Na przekór naszej mrocznej naturze, tak ciekawie opisanej przez Prusa i wraz z jego moralizującymi ideałami życiowymi, reżyserzy przenoszą na teatralne deski jego prozę, dostrzegając wartość synkretyzmu utworów literackich, łączących romantyczne rozważania z felietonizmem i dziennikarskim interwencjonizmem. Tak można spojrzeć na przedstawienie Piotra Gralaka, reżysera „Nawróconego”, oparte na opowiadaniach Bolesława Prusa „Opowiastki cmentarne” oraz „Nawrócony”. W Teatrze Klasyki Polskiej niesamowite perełki polskiej literatury brzmią najlepiej, a realizatorzy i aktorzy nadają im nową, atrakcyjną dla widza formę, dopracowaną i przemyślaną. Pełen dowcipu, sarkazmu, refleksyjno-realistyczny, z ciekawie zarysowanymi, psychologiczno – analitycznymi wizerunkami postaci spektakl Piotra Gralaka znakomicie wpisuje się w ową formułę.
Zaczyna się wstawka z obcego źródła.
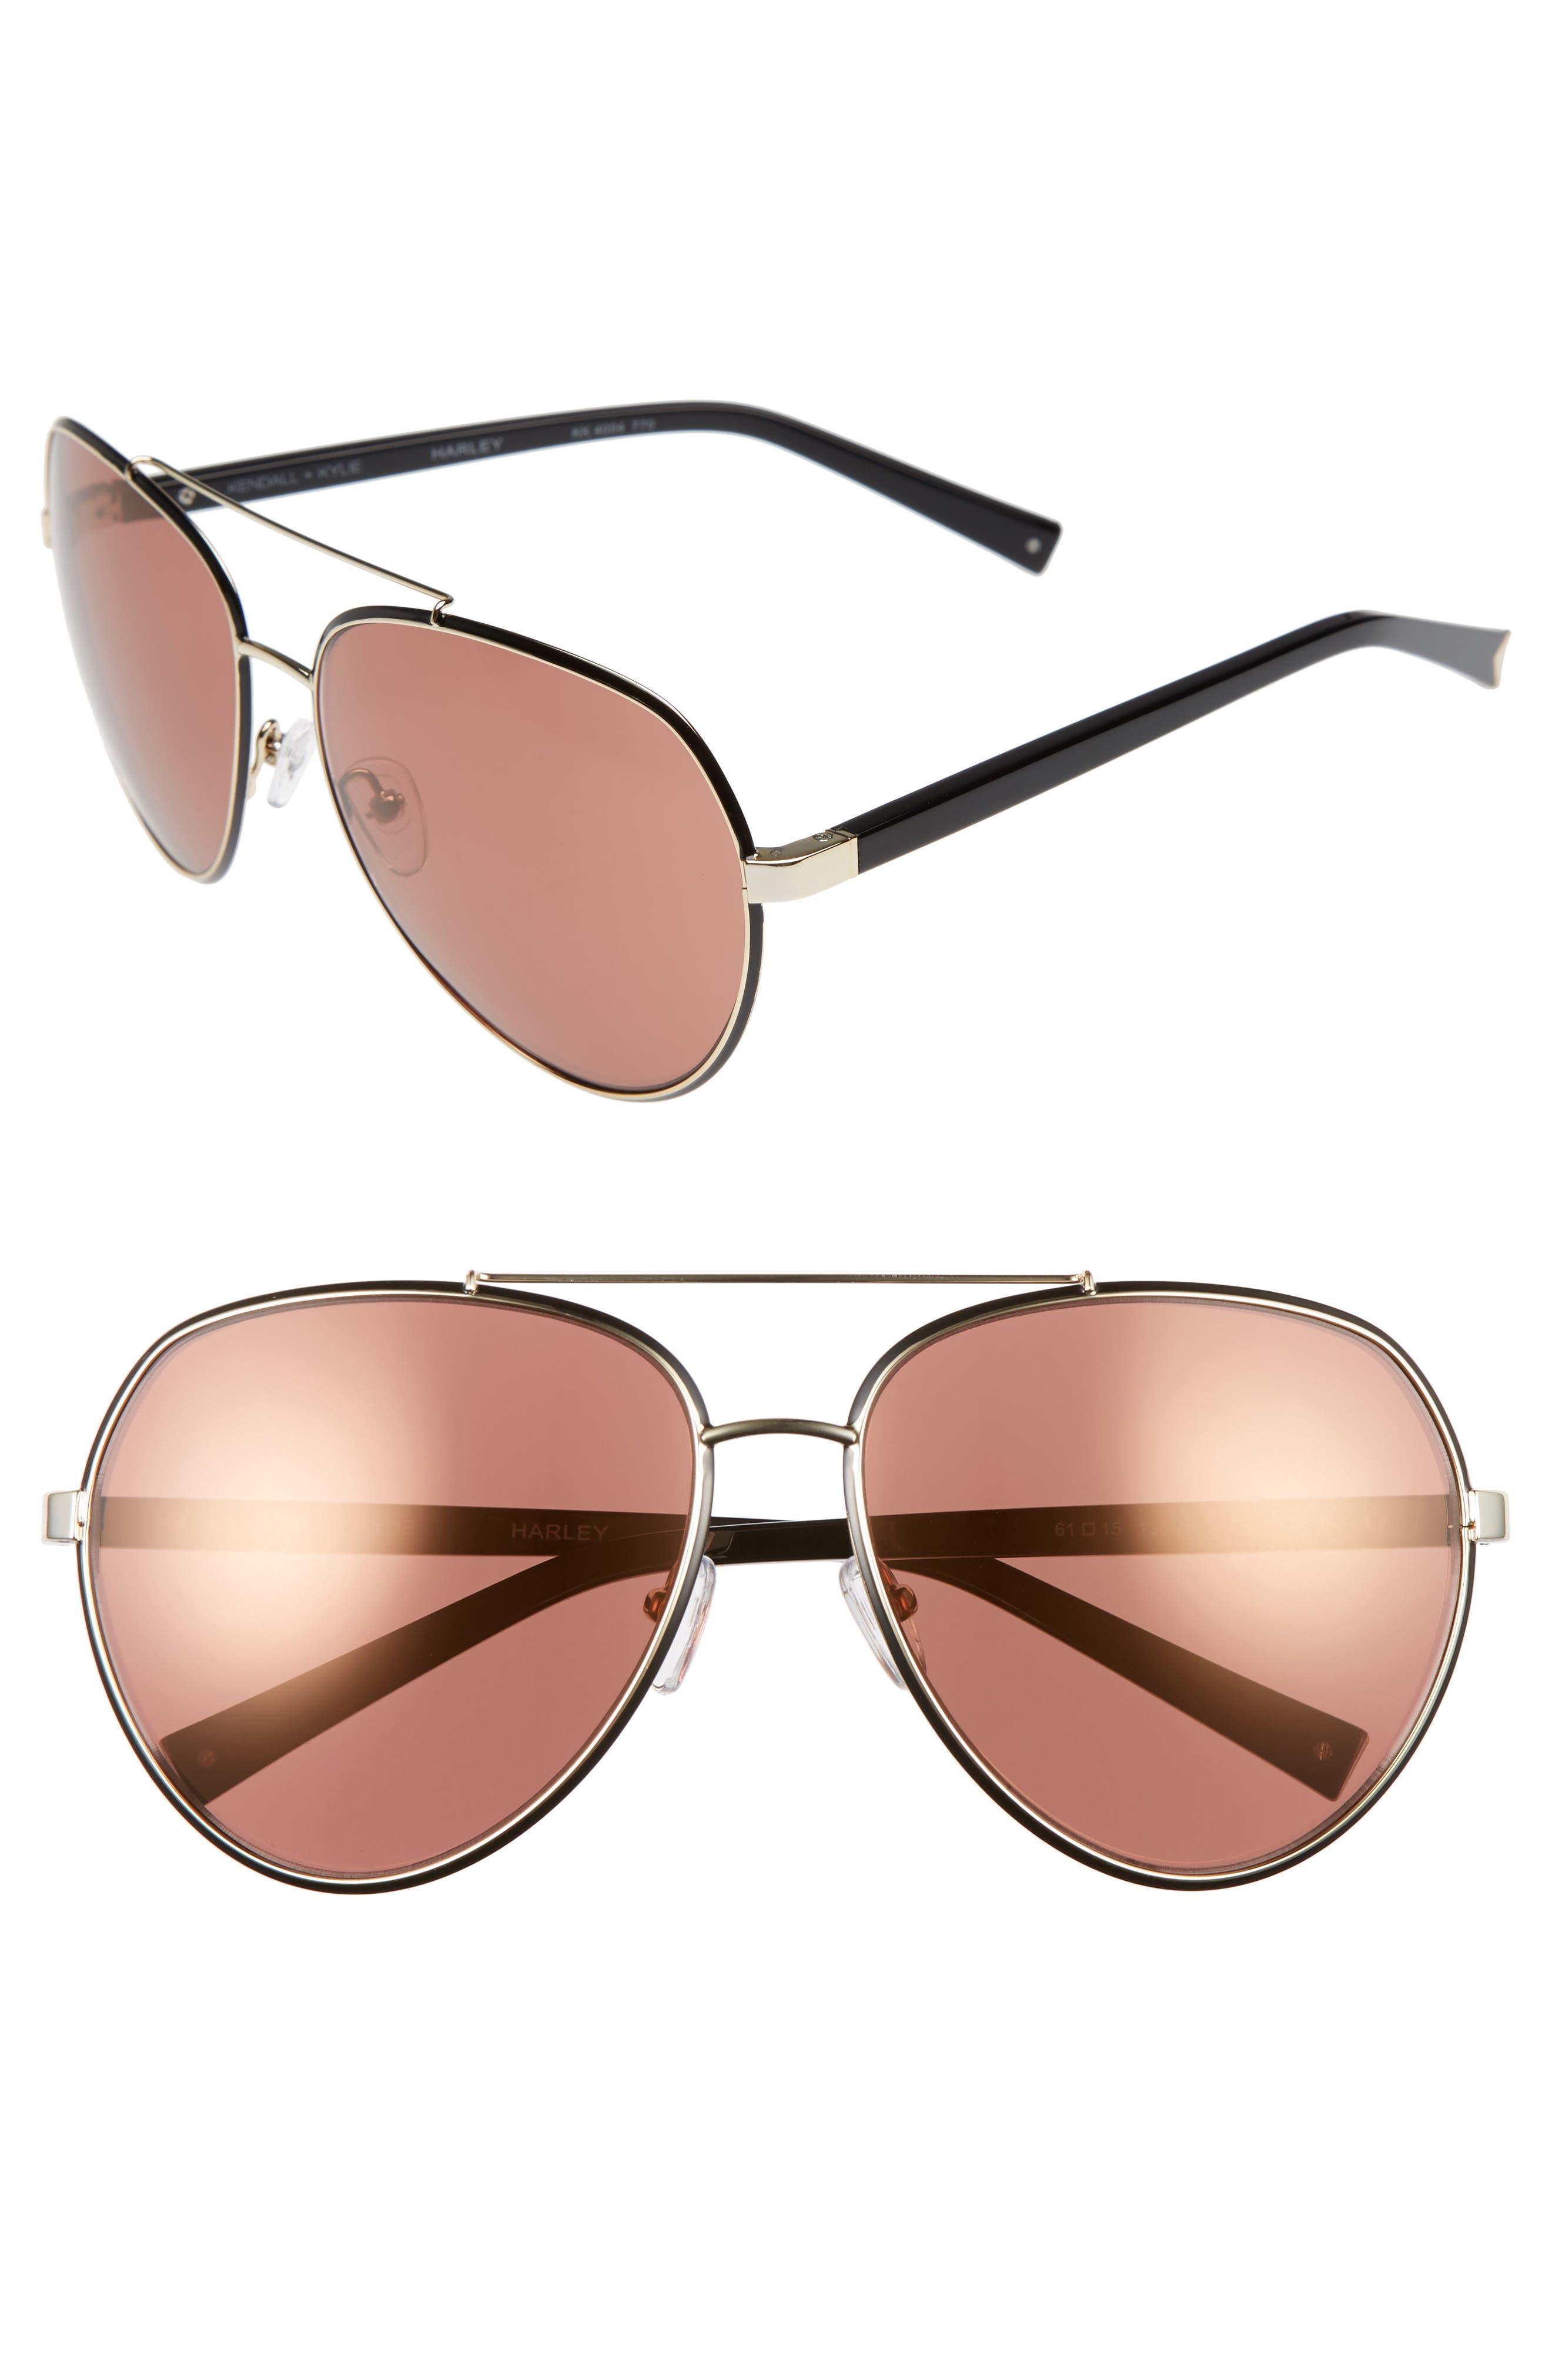 61mm Aviator Sunglasses,                         Main,                         color, Shiny Gold/ Shiny Black

Opowiadanie „Nawrócony” pierwszy raz ukazało się na łamach „Kalendarza humorystycznego Muchy dla porządnych ludzi na rok 1881”. Głównym bohaterem czyni Prus pana Łukasza, prawie siedemdziesięcioletniego, skąpego egoistę. Zgorzkniały starzec jest właścicielem kamienicy i lichwiarzem, a ponadto bezmyślnym, nałogowym zbieraczem rzeczy. Ten typowy dusigrosz to daleki krewny Ebenezera Scrooge’a z „Opowieści wigilijnej” Charlesa Dickensa, jednak w przeciwieństwie do pierwowzoru pozostaje osobnikiem zatwardziałym, niepodlegającym żadnym zmianom – beznadziejnym egotykiem i krzywdzicielem z natury oraz z wyboru. „Głuchy na krzyk cierpień i klątw, obojętny dla nieszczęść, jakie wytwarzał, skromny w użyciu, krzywdził ludzi na prawo i na lewo, sam nic osobliwego nie zaznał, tylko chwytał i gromadził”- pisał o swym bohaterze autor noweli. Z tą czarną komedią o ludzkiej naturze Gralak łączy inne opowiadanie Bolesława Prusa – „Powiastki cmentarne” z 1875 roku, dzieło w klimacie strasznych historii szeptanych nocą. Akcja noweli toczy się gdzieś w kawiarni, w której trzech prawników spotyka się przy szklaneczce ponczu i partyjce preferansa, by snuć ciekawe opowieści o uczuciach i młodości. Kolejne, zazębiające się umyślnie wspomnienia dawnych lat budzą uśpione demony przeszłości, strasząc i przestrzegając.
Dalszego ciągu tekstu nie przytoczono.